I havent bought one since the late 90's and we still use the same ones today. and we drilled and bored a ton of holes with them mainly 4340 and 9310 gear steel normalized hardened and tempered. I was really suprized how long they last. couple years ago I found 20 boxs of inserts for 5 bucks a box local and bought them all. the inside insert on the sandvik one uses a different grade due to speed.

I havent tried the single insert ones yet
 
I been using the sandvic insert drills for years the smallest one was I think 9/16 takes 2 inserts. I use them for roughing bores all the time even in stainless.
generally use the 3/4 or bigger one for roughing the i.d. after drilling with it. I dont really like to use the 9/16 ones unless its soft material..
they bore and drill extreamly nice holes and bores.
if you take too much stock off when i.d. cutting with the longer ones they will bend a tad. then your drilling sucks as you have to add a slight taper in the program to keep from rubbing.
I havent bought one since the late 90's and we still use the same ones today. and we drilled and bored a ton of holes with them mainly 4340 and 9310 gear steel normalized hardened and tempered. I was really suprized how long they last. couple years ago I found 20 boxs of inserts for 5 bucks a box local and bought them all. the inside insert on the sandvik one uses a different grade due to speed.

I havent tried the single insert ones yet

He's asking about; Drill, Bore, Face, Turn. Not a Drill that can just use the peripheral insert to Rough a bore.

R
 
I'm looking for a good general purpose tool for drilling and opening up blind bores on a CNC lathe. Lots of low volume job shop work, primarily in aluminum and steels. Recently most of the bores have been .5" to 1.5" deep and .625 to 3" diameter. Obviously twist drills aren't ideal for this, and I don't usually do anything that justifies a big U-drill.

I saw some tools advertised a few different places that can drill, bore, face, and turn- Using one tool and insert for all of that sounds pretty great. Obviously it probably won't match the MRR of some of the single-purpose tools, but the versatility might earn it a space in my turret. The ones I am looking at (something like this) take a CCMT 3(2.5)X insert which are cheap as dirt and plentiful in my toolbox.

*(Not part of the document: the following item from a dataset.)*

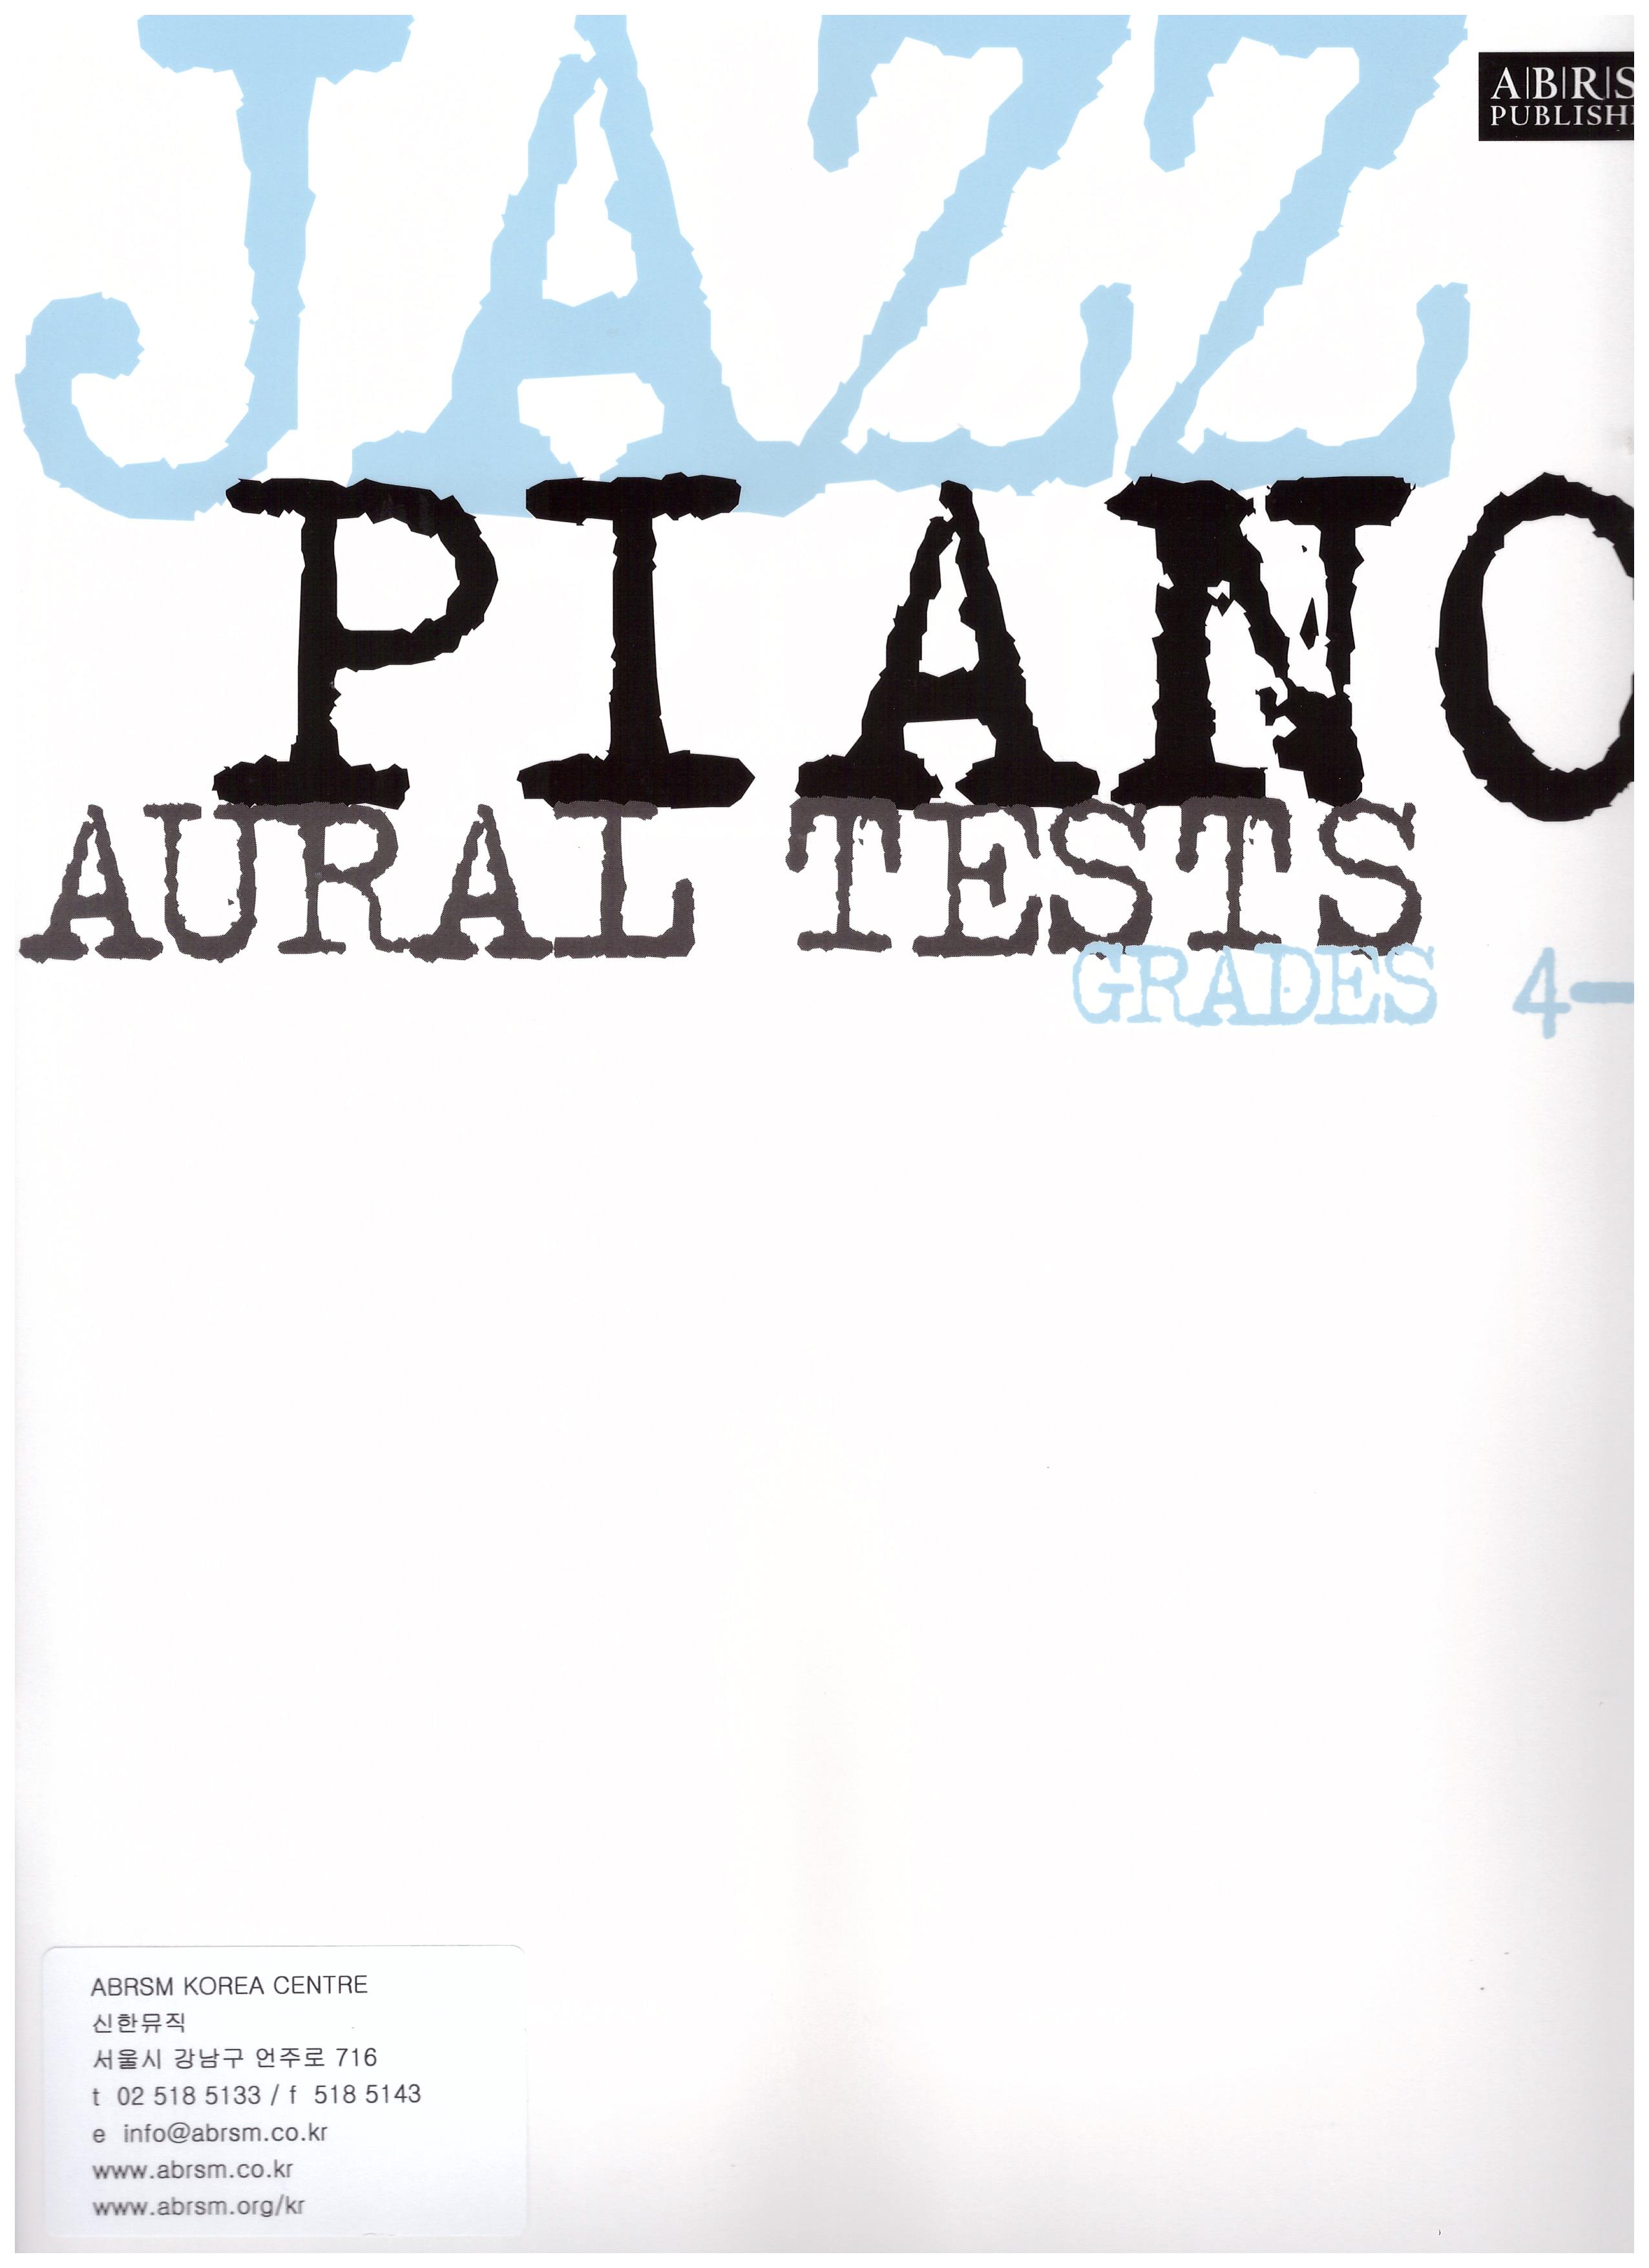 Jazz Piano Aural Tests G4-5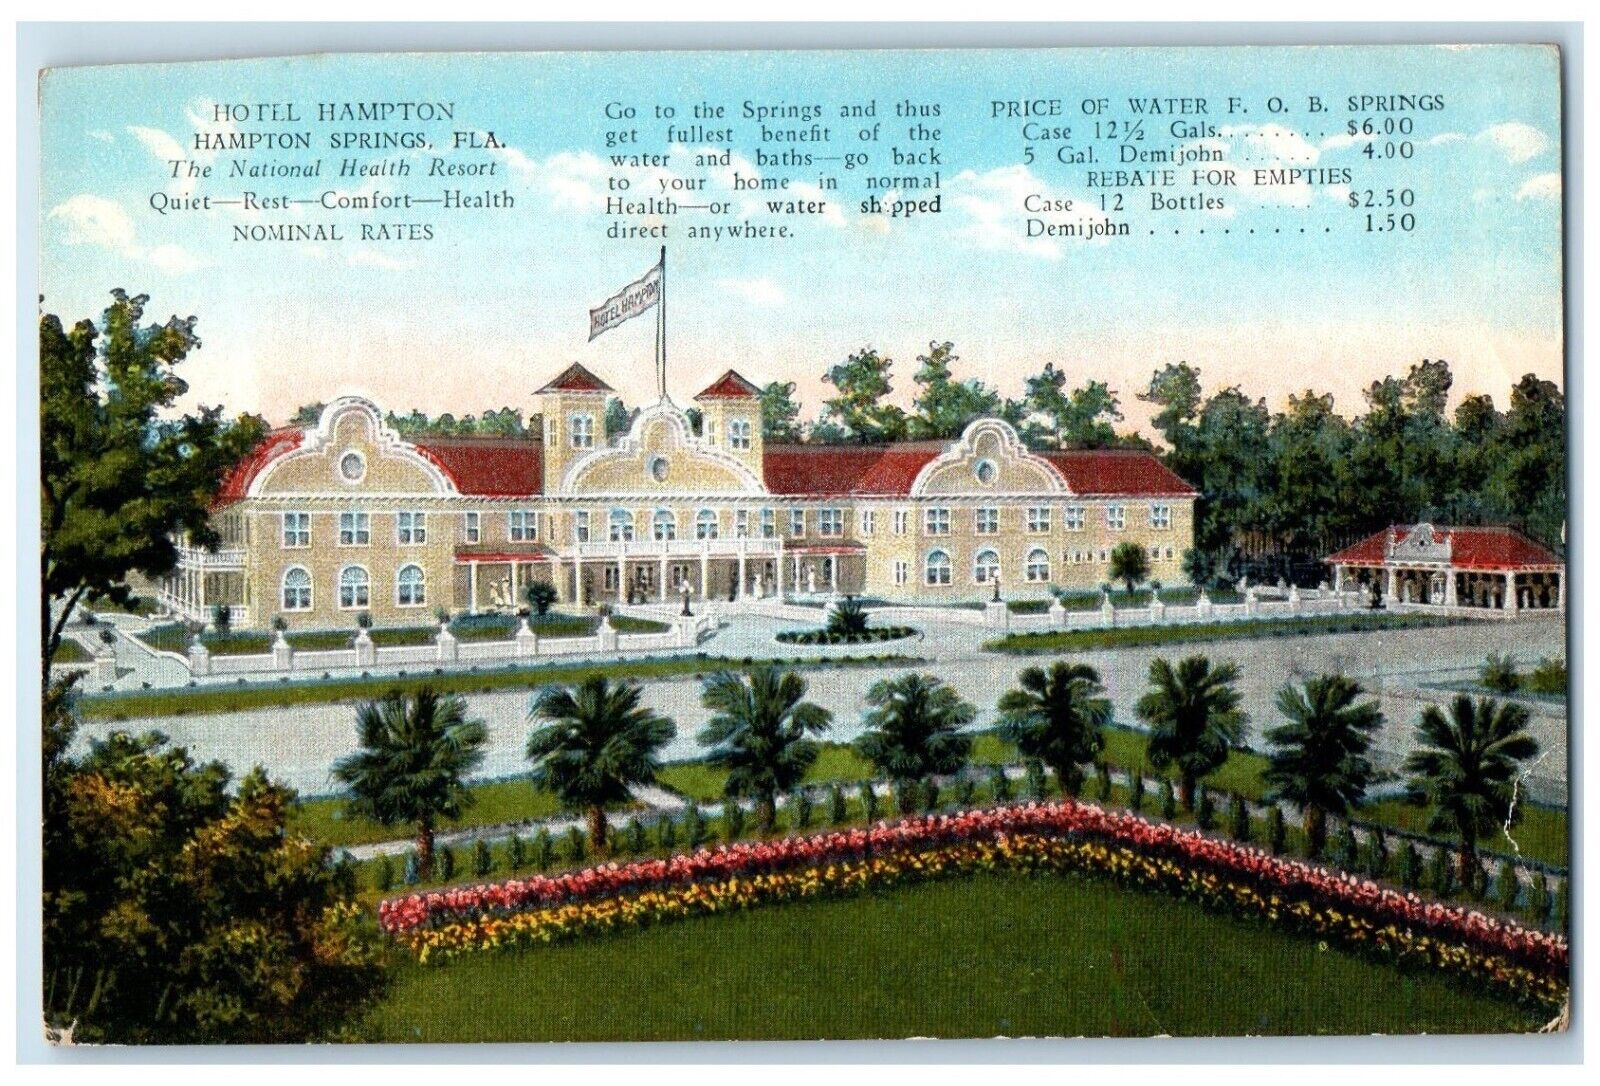 1910 Hotel Hampton Building Hampton Springs Florida Vintage Advertising Postcard

Anyone have any favorites in this style, or overwhelmingly positive or negative things to say about them?

He's asking about; Drill, Bore, Face, Turn. Not a Drill that can just use the peripheral insert to Rough a bore.

R
I gave my 2 cents on the 1st part of his question, I purposely disregarded the 2nd half cause I never used them.
so do I get 1/2 a point? :rolleyes5:
 
The problem Delw, is using Indexable Drills that way, wears the peripheral insert more than the center one. So when you go back to drillin' that's when the Drill fails. As much as I enjoy melted Indexable Drills, others don't seem to.

Don't get me wrong, I do exactly what you describe, but it's not something I'd prescribe.